Aunque los temas obvios y explí­citos de la pintura más reciente de Leonel del Cid sean El Quijote y el Cristo Crucificado su intención no es literaria ni teológica sino propiamente pictórica, no obstante, o precisamente por las connotaciones irónicas y crí­ticas sobre el hombre contemporáneo que se desprenden de su obra. Esta aclaración no es superflua, pues son tan poderosas y convincentes las representaciones de ese personaje y esa Encarnación de la divinidad en su trabajo pictórico que bien podrí­an dar lugar a pensar que se trata de ilustraciones a propósito de un texto especí­fico o bien de una iconografí­a religiosa didáctica, edificante y amedrentadora.

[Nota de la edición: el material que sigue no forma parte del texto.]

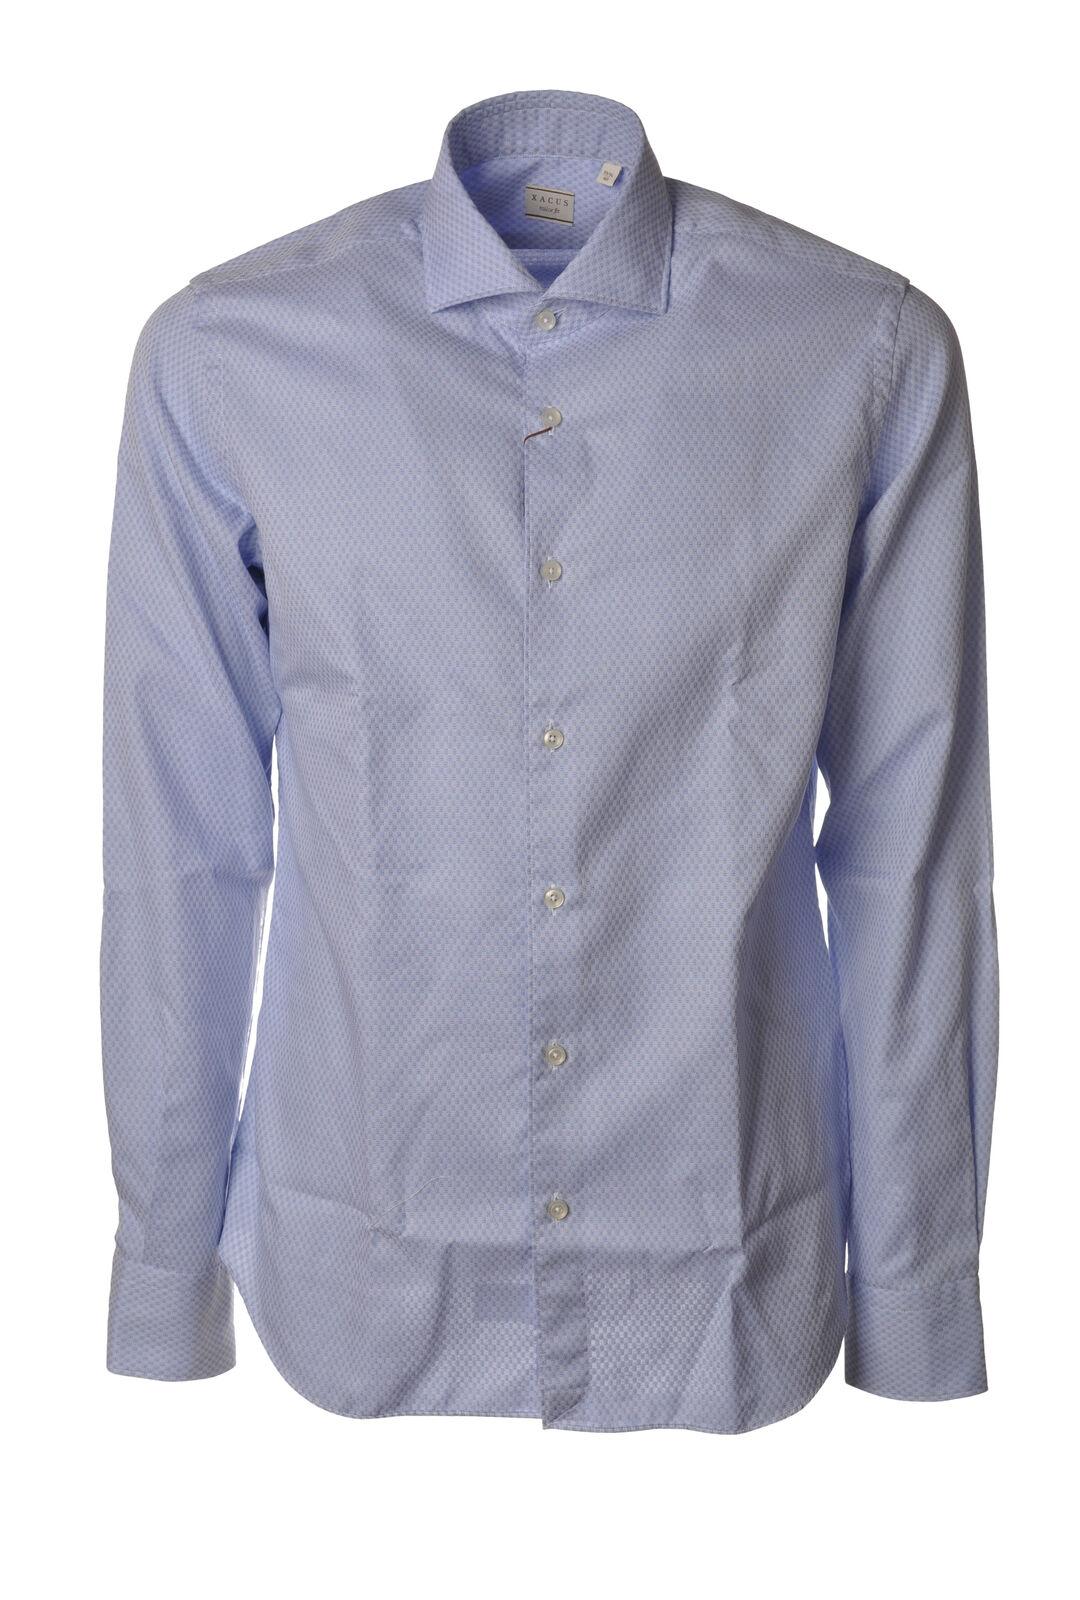 Xacus - T-shirts-Hemden-hals-frankreich - Mann - Blau - 6059323F191416

Aclarado el punto y limitada la presencia de El Quijote y del Crucificado a la función de sí­mbolo y de vehí­culo de las preocupaciones que le dan sentido a la obra de un artista contemporáneo, consideremos ahora el hecho de que en la pintura de Leonel del Cid de El Quijote se representa reiteradas veces la escena en que el armado caballero enfrenta a los molinos de viento, clásica imagen de la locura y de la sinrazón, así­ como del descalabro definitivo de todo idealismo; y de la Historia Sagrada, la escena de la crucifixión, cúspide de la incomprensión humana -comprendida como maldad y alejamiento? con respecto al destino de su existencia en un mundo creado por Dios.

Veamos, luego, los modos y las formas en que esas escenas simbólicas están representadas en las pinturas: escenarios alucinados que, en el caso de El Quijote, van desde la placidez ideal de los verdes campos abiertos y, atravesando una amplia gama de colores emocionales, culminan en el desvarí­o más patente en el que la luz parece emanar del personaje y distorsionar la realidad con tintes de pesadilla; en el caso del Crucificado, su desnuda humanidad en el acto permanente de ser mortificada por incontables flechas agudas y punzantes en medio de colores frí­os que denuncian la agoní­a permanente y anuncian la muerte inminente de toda esperanza,

Leonel del Cid es un artista muy dueño de sus recursos técnicos que esta vez los aplica en función de un efecto dramático por medio del cual logra no sólo conmover al espectador sino también hacerlo experimentar en carne propia el cúmulo de emociones implí­citas en el drama.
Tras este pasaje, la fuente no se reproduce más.